[YOUR TASK]: Only text lines belong in the answer: the lines from the first one in the records through the line with "Dimensions of Lamp with Shade", copied exactly.

··· INFORMATION PROVIDED

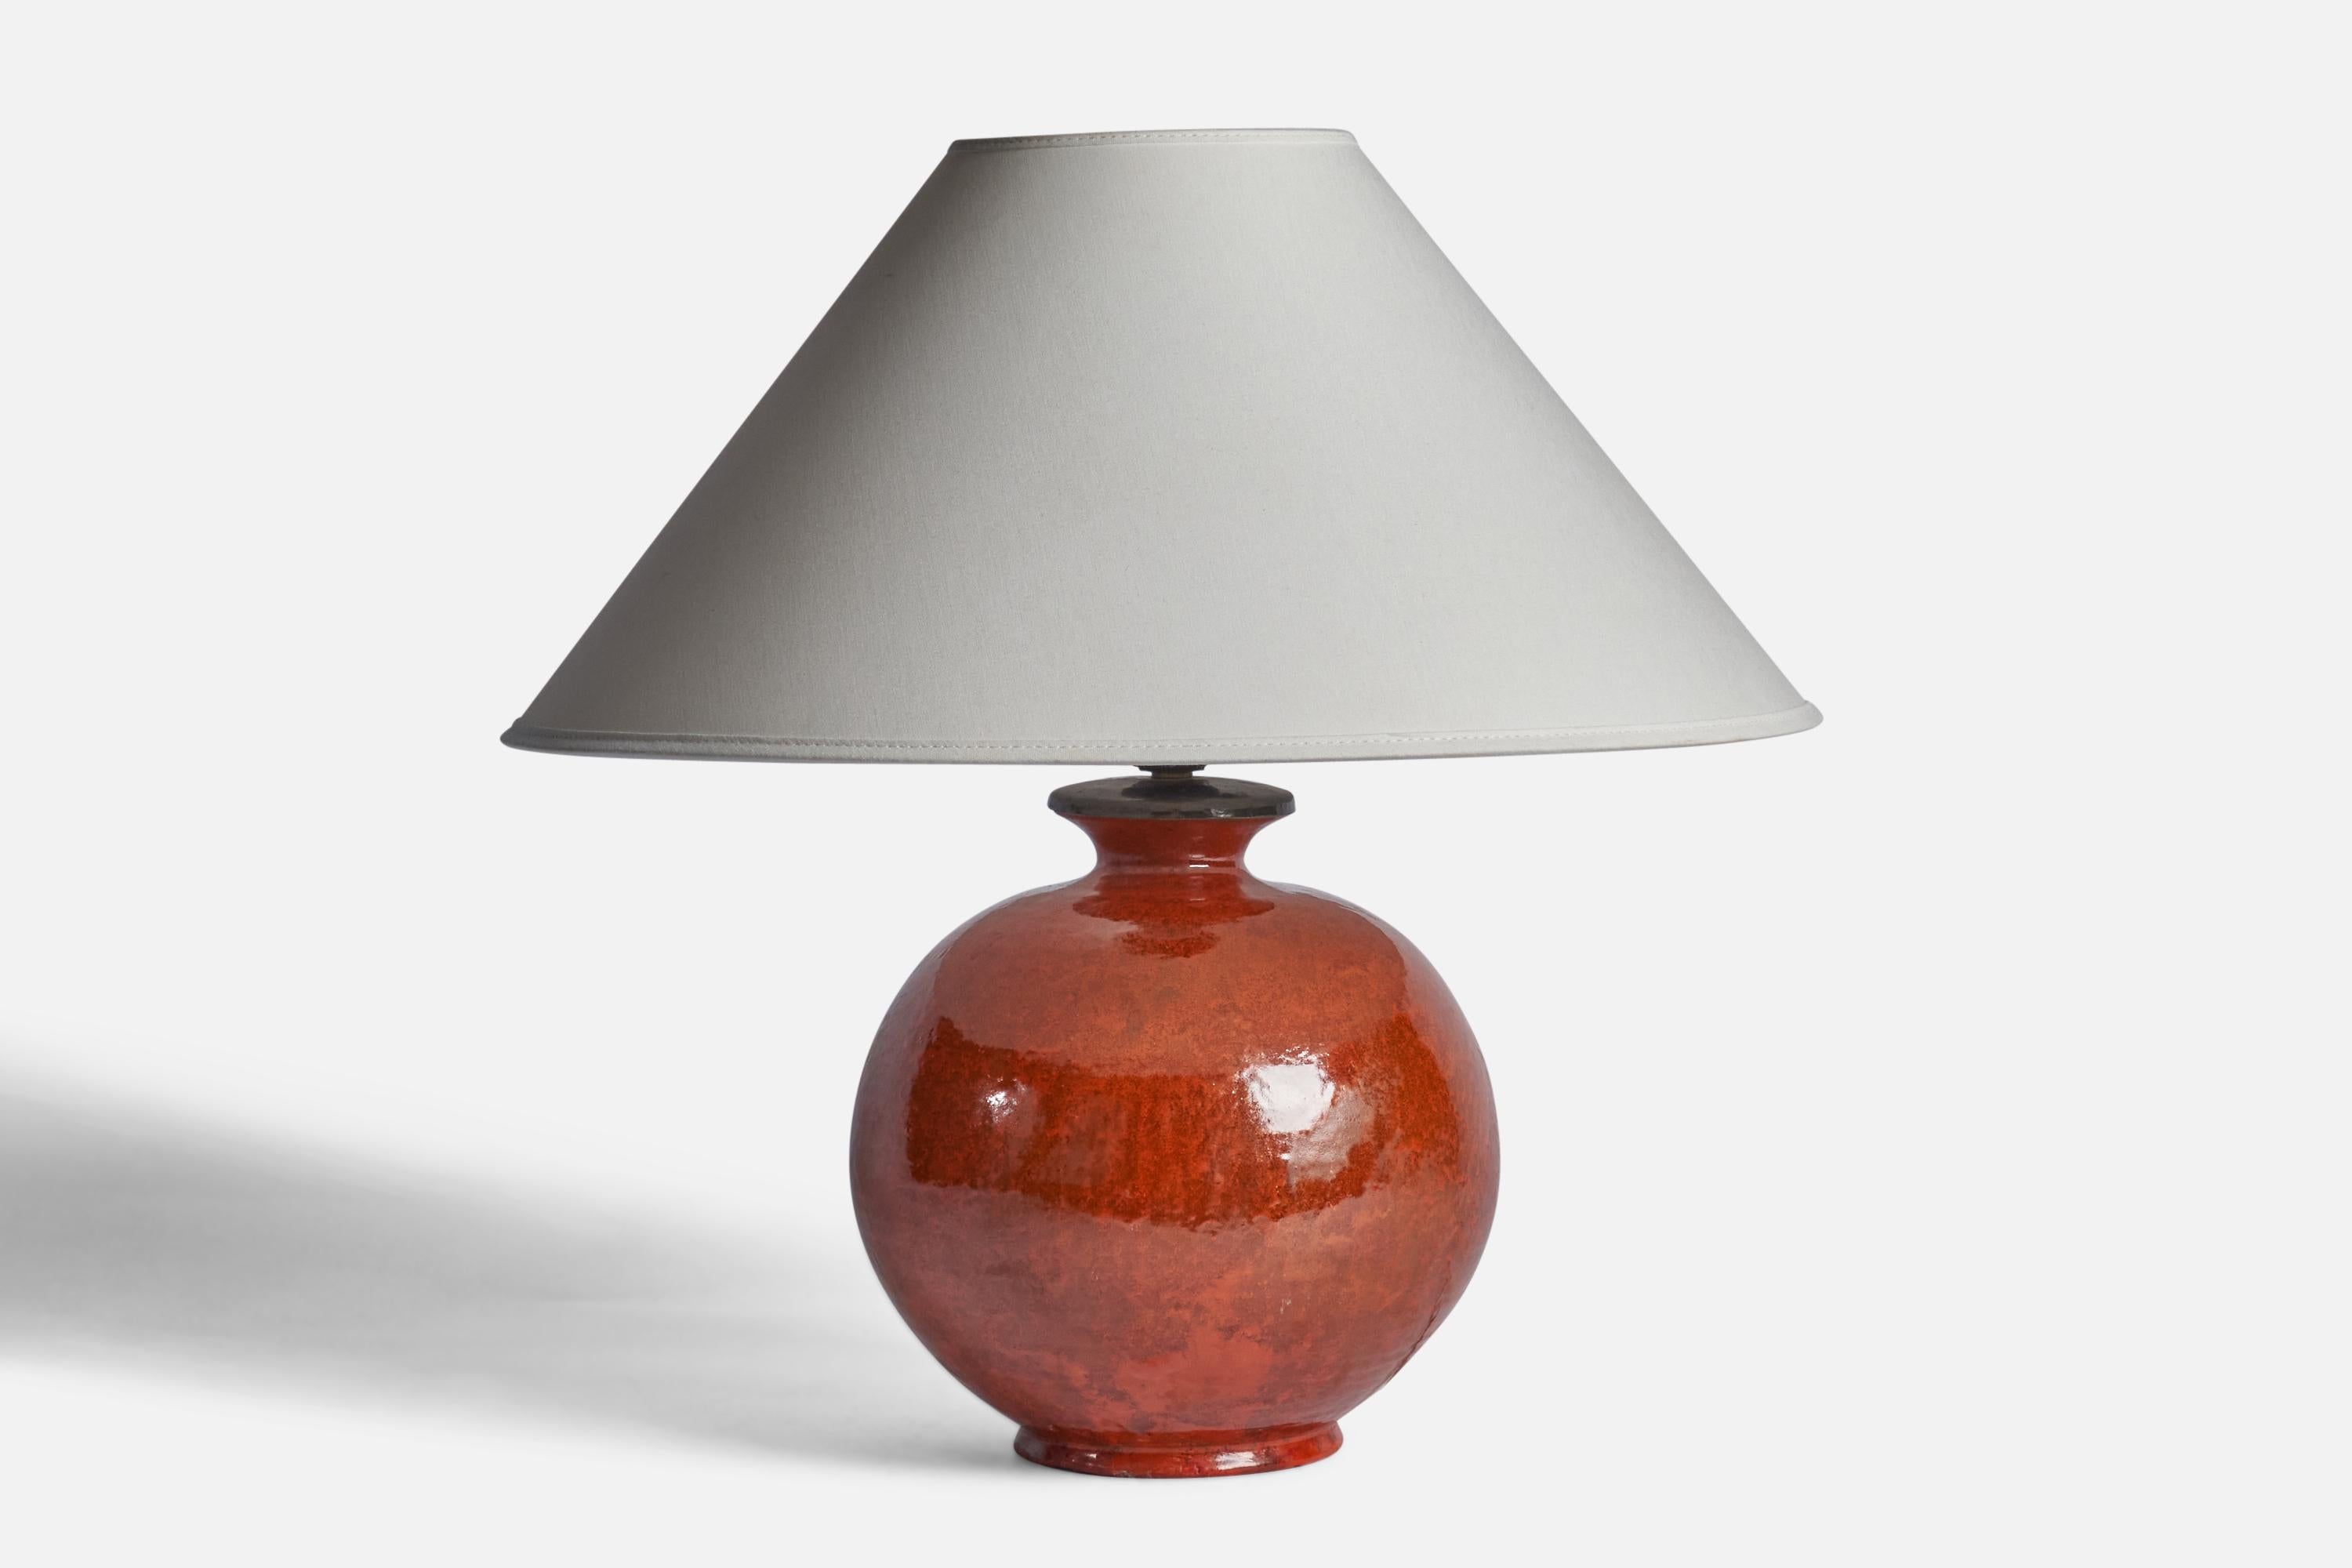 An red-glazed earthenware table lamp designed and produced by Upsala Ekeby, 1930s. 

Dimensions of Lamp (inches): 11.5” H x 8” Diameter
Dimensions of Shade (inches): 4.5” Top Diameter x 16” Bottom Diameter x 9” H 
Dimensions of Lamp with Shade
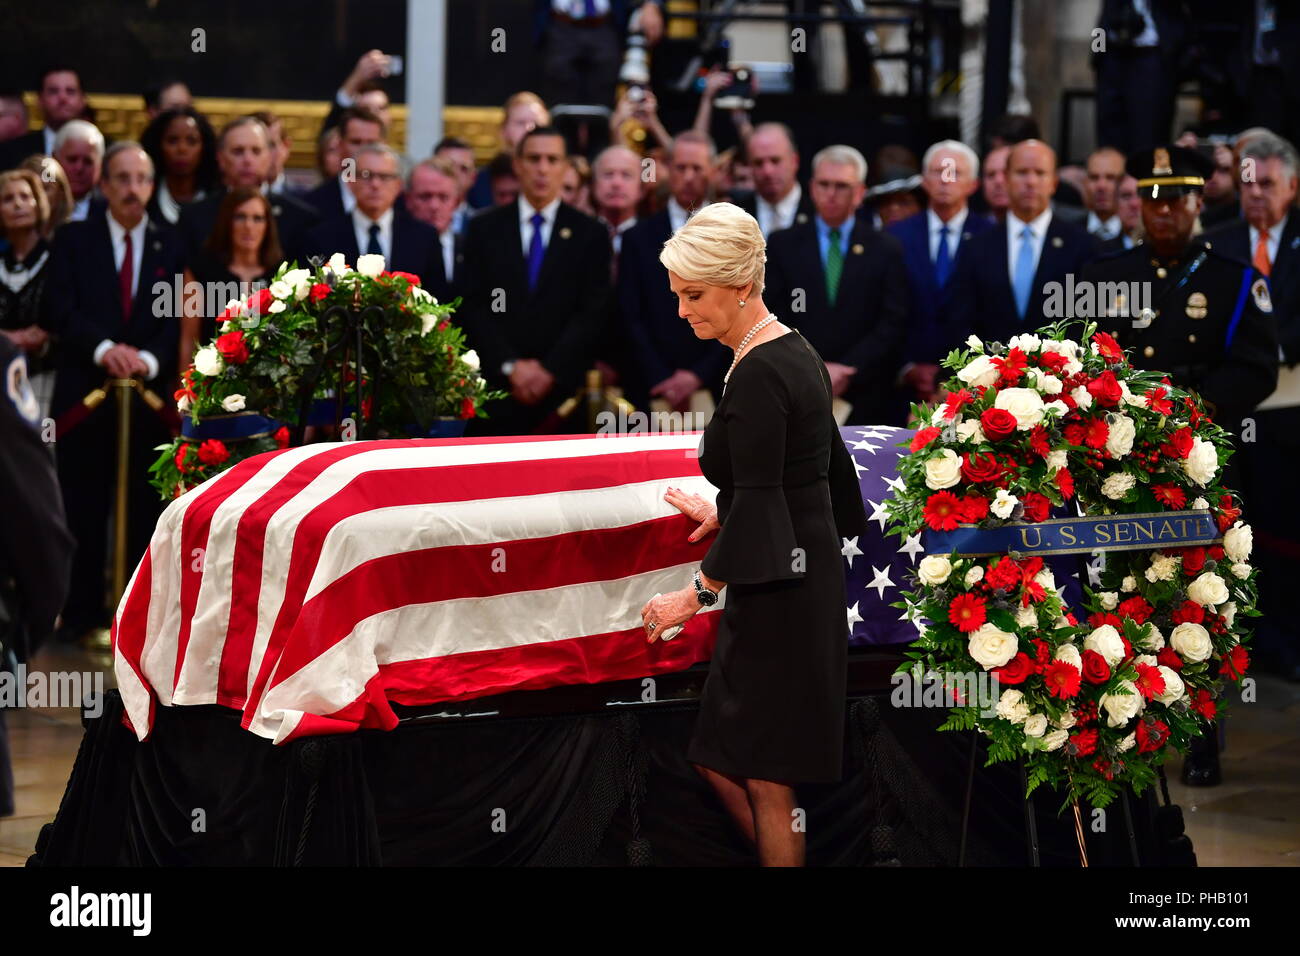 Cindy McCain touches the casket of former Senator John McCain in the Capitol Rotunda where he will lie in state at the U.S. Capitol, in Washington, DC on Friday, August 31, 2018. McCain, an Arizona Republican, presidential candidate and war hero died August 25th at the age of 81. He is the 31st person to lie in state at the Capitol in 166 years. Photo by Kevin Dietsch/UPI | usage worldwide Stock Photo
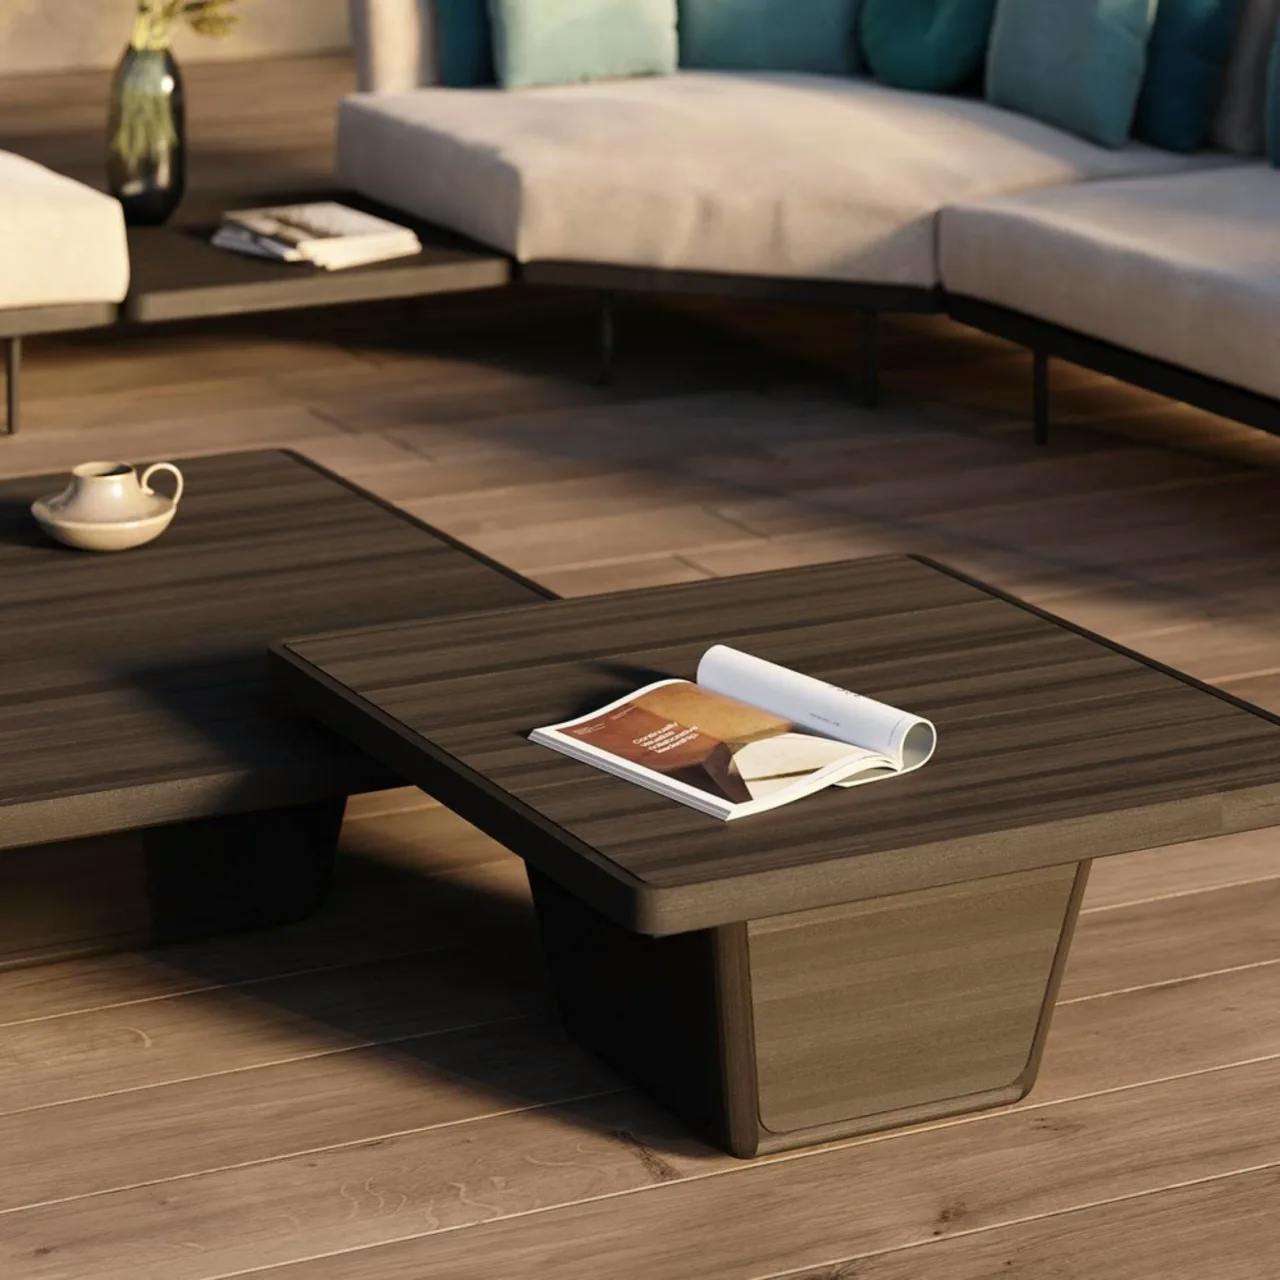 moody nero: nero scuro finish adds depth to your outdoor setting

······

[EXERCISE ANSWER]:
 An red-glazed earthenware table lamp designed and produced by Upsala Ekeby, 1930s. 

Dimensions of Lamp (inches): 11.5” H x 8” Diameter
Dimensions of Shade (inches): 4.5” Top Diameter x 16” Bottom Diameter x 9” H 
Dimensions of Lamp with Shade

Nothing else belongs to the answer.